How to Improve Employee Retention – Part II: Your Benefits Suck

Hello everybody and welcome back to our series on employee retention. Last week we talked about the first reason why your employee retention sucks (because your HR sucks)  and what you can do about it. If you haven’t read it yet, I encourage you to do so here.

But that is far from the only reason employees leave a business, and this one is a huge issue for small business owners.

Simply put, your benefits suck.

Of course, there’s very little small businesses can do about that. Large businesses will always be able to offer more benefits than small businesses can, and unless we can completely readjust our government to even that playing field, we’re kinda stuck.

But that doesn’t mean that we can’t offer benefits at all to our employees. Folks are usually happy to stay with a small business as long as the basics are covered. That includes health care, a 401k, and vacation.

But most importantly healthcare…

Like, it’s not even close…

Whether you like it or not, people will be looking for jobs that offer health care, and will always leave a job that doesn’t have health care for one that does. While it is treated very much like a luxury, it’s important for us as business owners to take a step back and really think about how important that “benefit” is, and maybe it will help us understand that it’s actually a necessity.

Let’s say you have diabetes and you’re looking for a job. You get two offers, one pays 30 dollars per hour, and the other pays 22. A huge difference right? You’d have to be reckless to take the 22 dollar gig.
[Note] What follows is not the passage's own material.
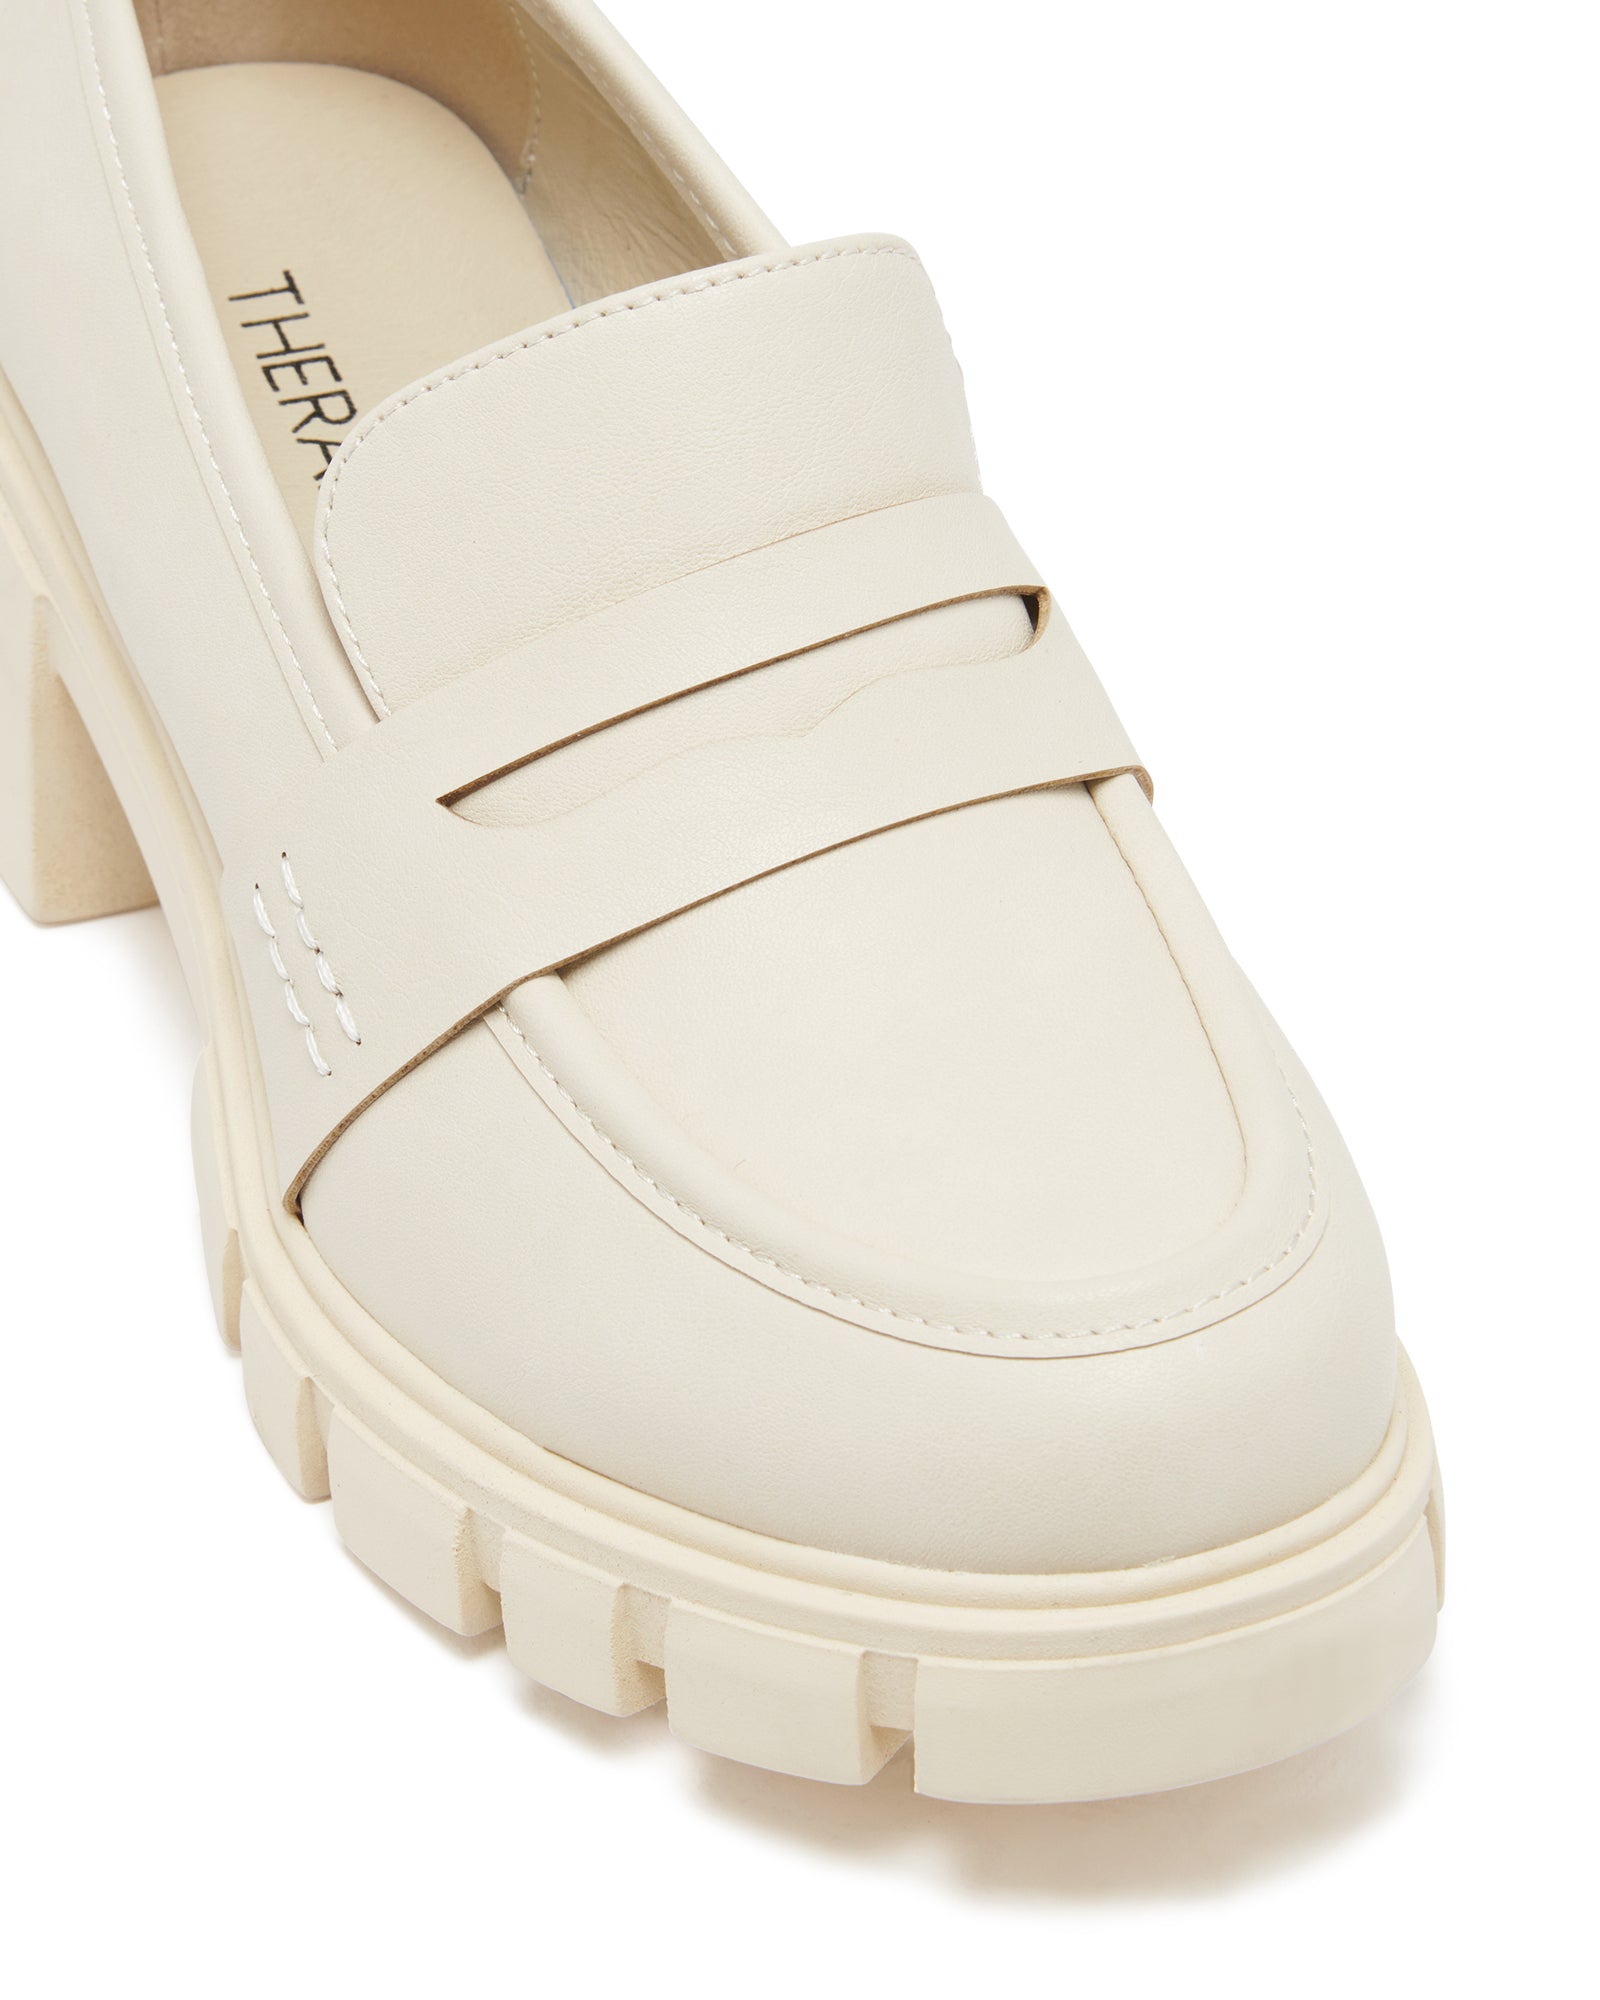 Therapy Shoes Revolve Bone | Women's Loafers | Heels | Platform | Chunky

But the catch is the 22 dollar gig has healthcare and the 30 dollar gig does not.

For someone with diabetes, here is what they would pay for insulin with and without insurance.

With insurance: $15-100 per month

No insurance: $500 per month

So let’s get some information straight here. If this person doesn’t find a job, and they don’t have any other support system, they could die. There is no system to protect them and death due to inability to afford insulin is tragically common in the U.S.

The $30/hr job will still leave you with more money in the end, but not by much. And let’s say, on top of diabetes, you go to the emergency room. Under insurance, you might have to pay a few hundred at most, but for the uninsured, one trip can cost thousands.

In this mindset, you can’t blame anyone for not taking or keeping a job because you don’t offer healthcare, and the looming threat of knowing that you can die from getting sick because you can’t afford treatment is always going to be an unnecessary stress on your business.

I get it, if you’re too small you just can’t afford to offer those benefits. In that case, I would focus on creating as safe and welcoming environment as possible. Focus on hiring younger folks and giving them the skills they need to develop move on to bigger things in their careers. Many will stay with you and be very honest about exactly when and how they plan to leave.

But if you have the ability to offer this benefit to your employees, go for it. Not only will they be grateful for this security net you gave them, but they will also know that they are risking something if they decide to leave your business.